City Home Sharing Program Promotes Aging in Placeby Eleanor J. Bader
Joseph Bell, a retired Public Relations Director at the New York Institute for the Education of the Blind—now called the NY Institute for Special Education—was walking down Hanson Place several years ago when a pamphlet on the ground caught his eye. Its subject was the home sharing program of the New York Foundation for Senior Citizens, a 28-year-old service that pairs hosts— for legal reasons they’re never called landlords or prime tenants—with guests, at least one of whom must be over the age of 60.
Bell describes the program as a godsend. “In late 2006 my doctor told me that I needed to think about moving to a first floor apartment because I could not keep climbing four flights of stairs,” Bell, now 81, recalls. “I’d been thinking about how I’d make the transition since I’d lived in the same sixroom apartment for 50 years.

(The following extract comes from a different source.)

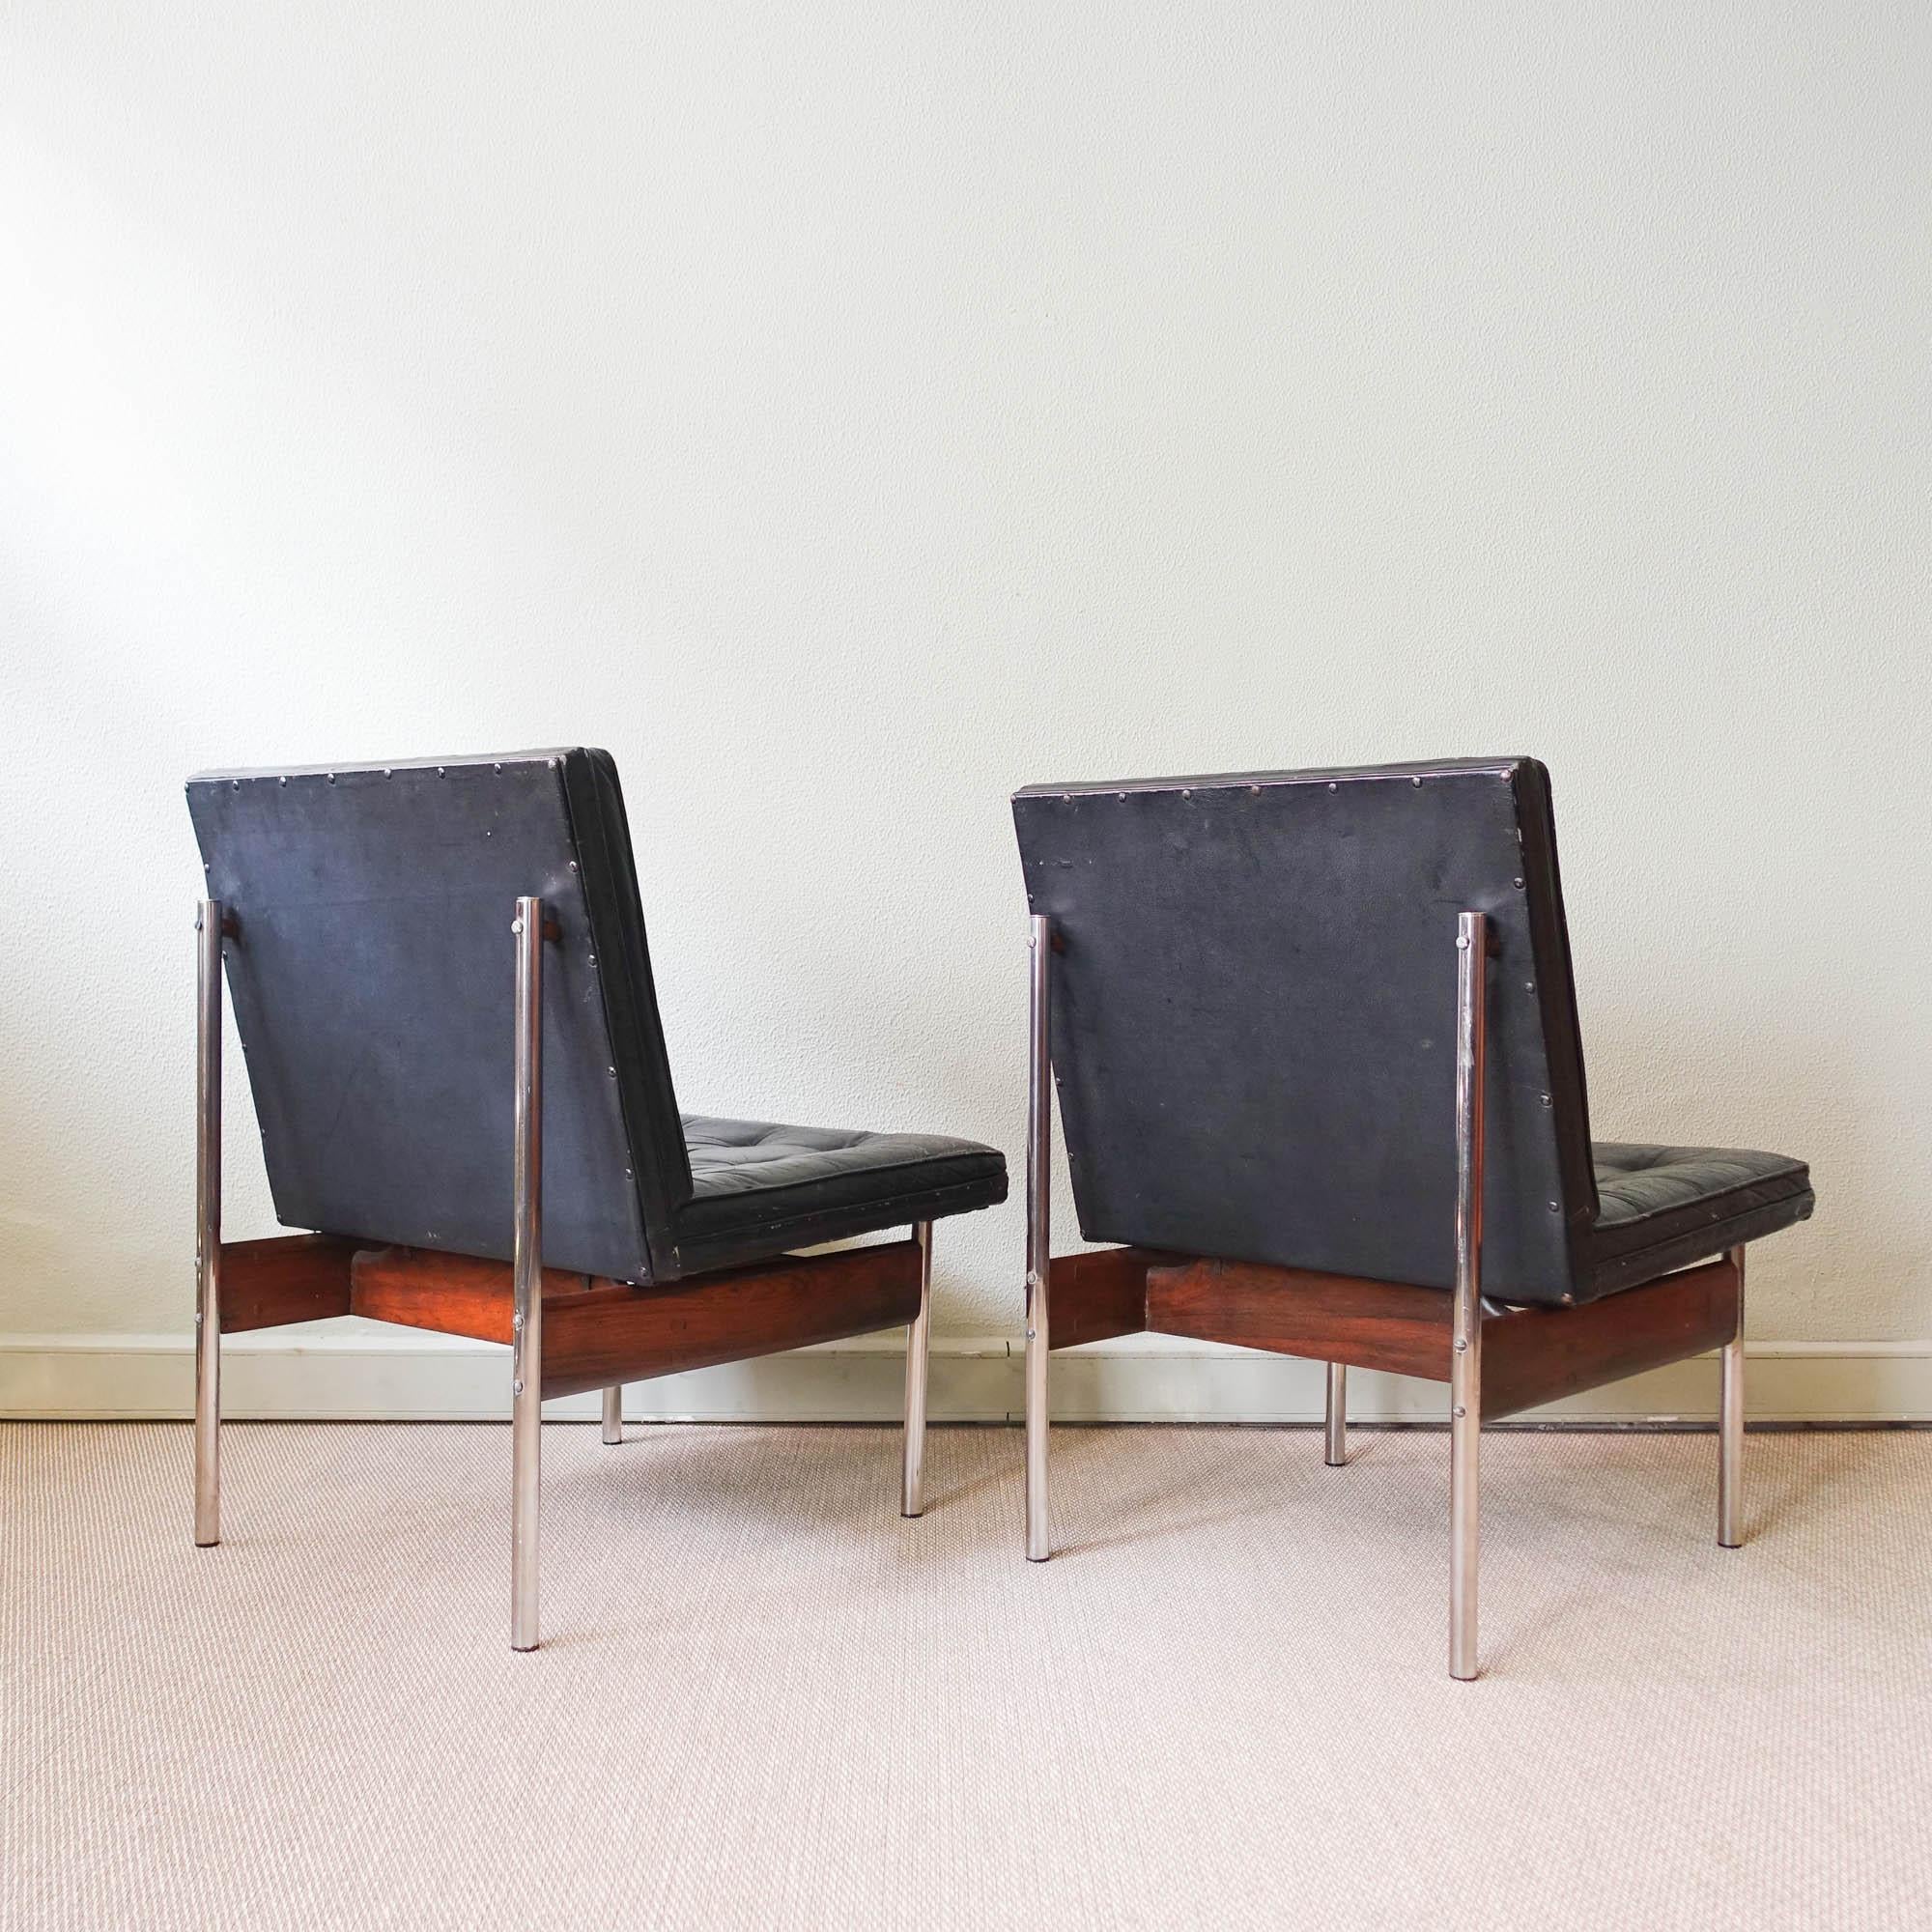 Late 20th Century Pair of Lounge Chairs by Móveis Cimo, 1970's For Sale

My wife had died and my three kids had flown the coop, so I called the social worker whose name was listed on the leaflet.”
Bell now lives on Ocean Avenue, in a spacious two-bedroom facing Prospect Park, that is leased to 42-year-old Direen Patterson. Although he’s only been there since April 1—his first, 18-month home share ended in March due to a conflict between the lessee and the building owner—he is clearly at home in his new surroundings. “First,” he begins, pointing to the kitchen counters, “this place is immaculate and from my first conversation with Ms. Patterson, I could see that she is an educated woman. That was a great start. Plus,” he grins, “I can bird watch from my window.”

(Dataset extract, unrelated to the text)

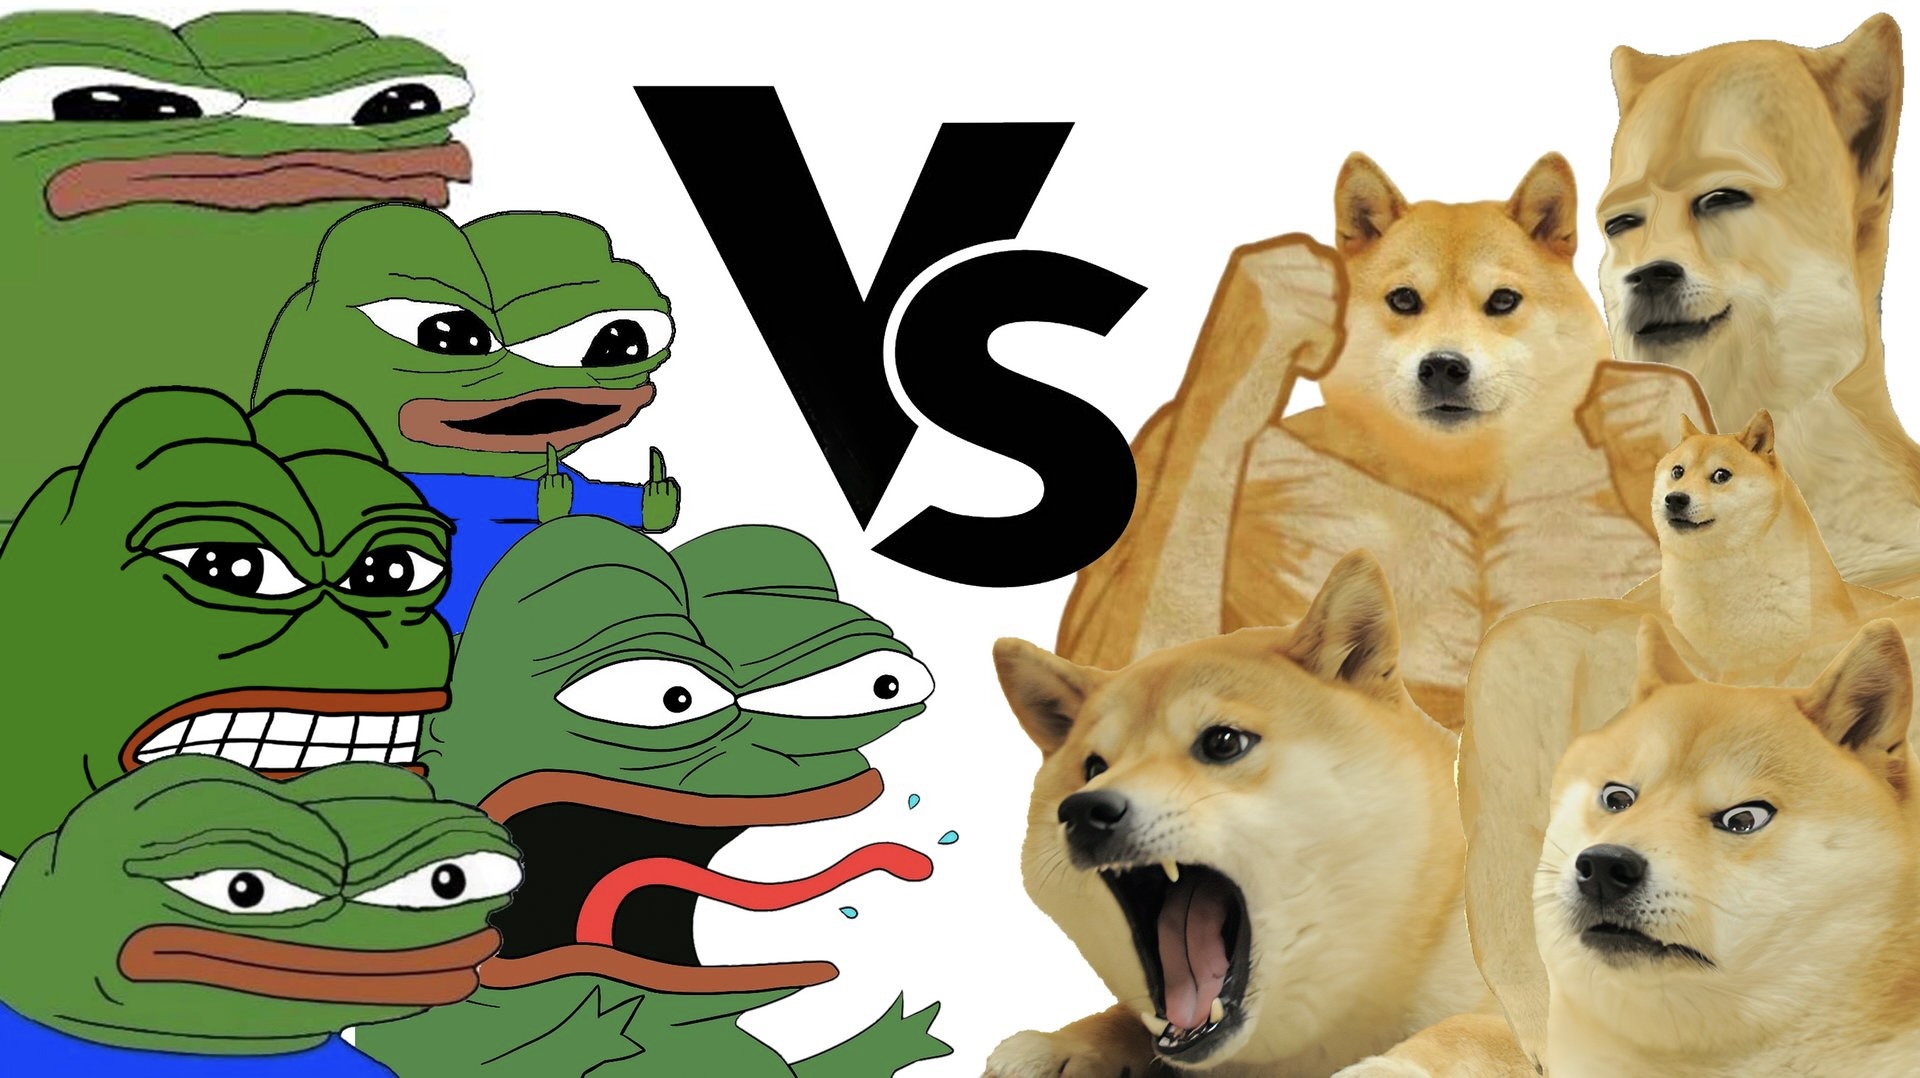 Pepe Coin vs. Dogecoin: If You Had $1000, Which Crypto Should You Buy?

Patterson is also pleased with the arrangement. A researcher at the Agency for Children’s Services, she admits that she spent three or four years thinking about whether to open her home to a stranger. “I knew that I wanted to give back and share some of what I have,” she says. “I’d done a lot of reading about elderly people who are lonely and looking for someone to be around. I’d lived alone my entire adult life and the feeling that I should do something stayed in my mind. I’d thought about foster care but I had to decide if I was ready to give up that much of myself. I mentioned this to my aunt and she suggested I call the Department for the Aging to see about home sharing with an elder.”

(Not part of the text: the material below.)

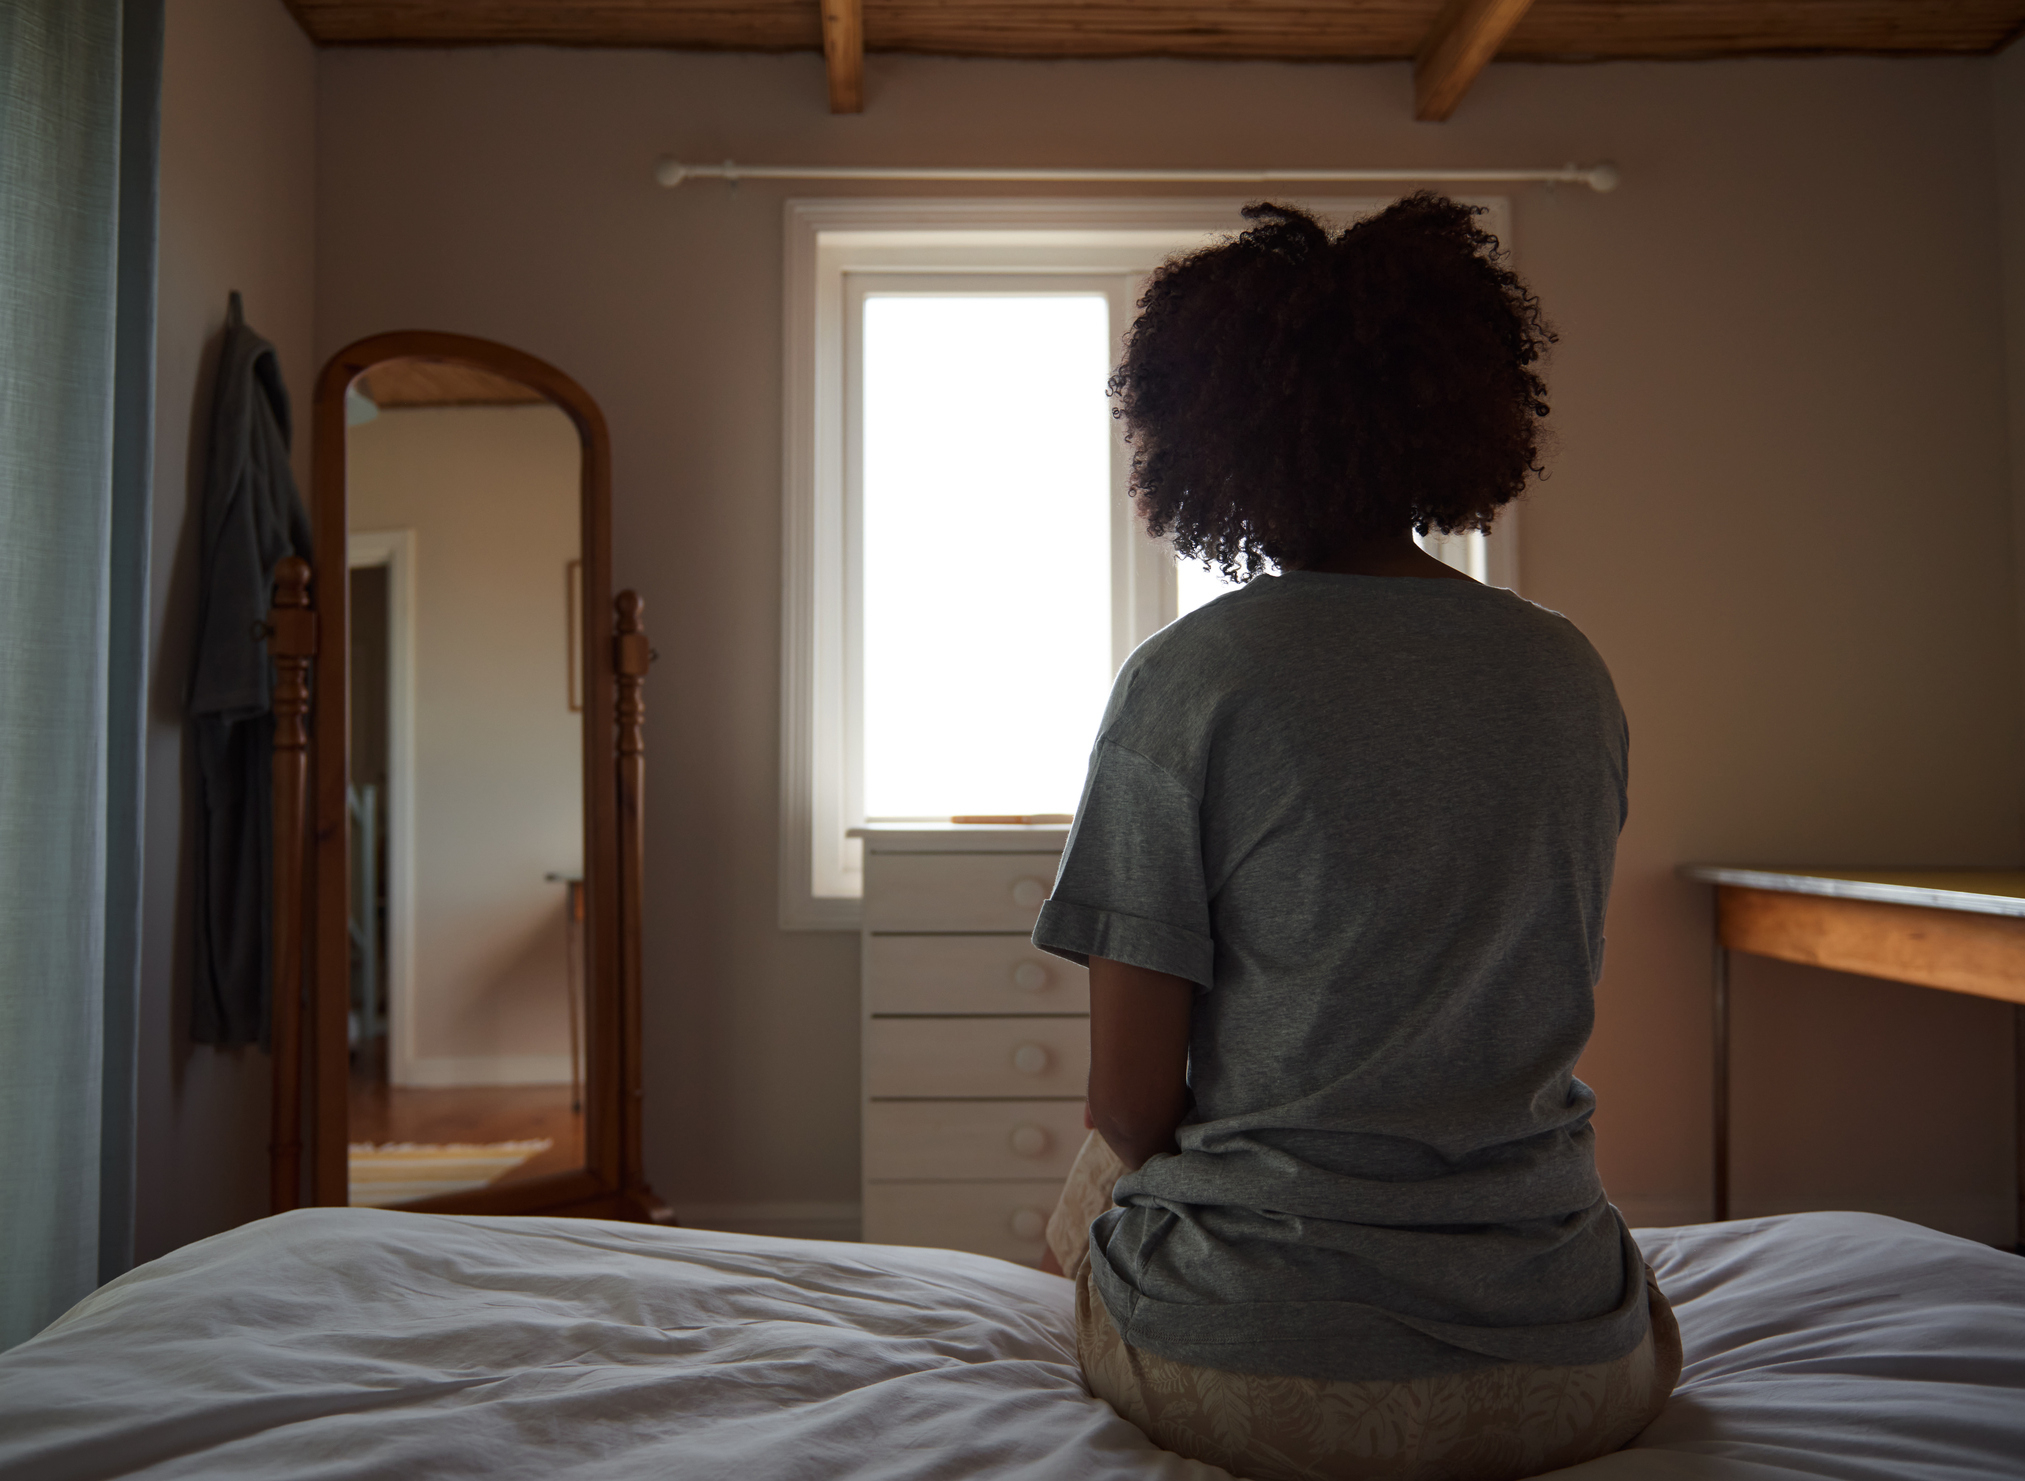 Person sitting on a bed facing a window and mirror, appearing deep in thought in a cozy bedroom

That was in the winter of 2008.
After applying to be a host, NYFSC social workers visited Patterson’s apartment, interviewed her, and did a home assessment. “They asked a lot of questions about my likes, dislikes, and communication style and then got into specifics, like if I’d let a guest use the phone. They asked about sharing the bathroom and whether the person could cook in the kitchen. They also asked if I preferred a man or a woman,” she says.
According to program director Linda Hoffman, 31 variables enter the mix after which a computer program called Quick Match determines on-paper compatibility. “Sometimes we get agreement on 31 out of 31 but that still doesn’t mean it will be a good match,” she says. In-person meetings between prospective home-sharers are required to tease out chemistry, and since the program is small—there have been 1400 matches since 1995, 246 of them in Brooklyn—close monitoring is provided, at least initially.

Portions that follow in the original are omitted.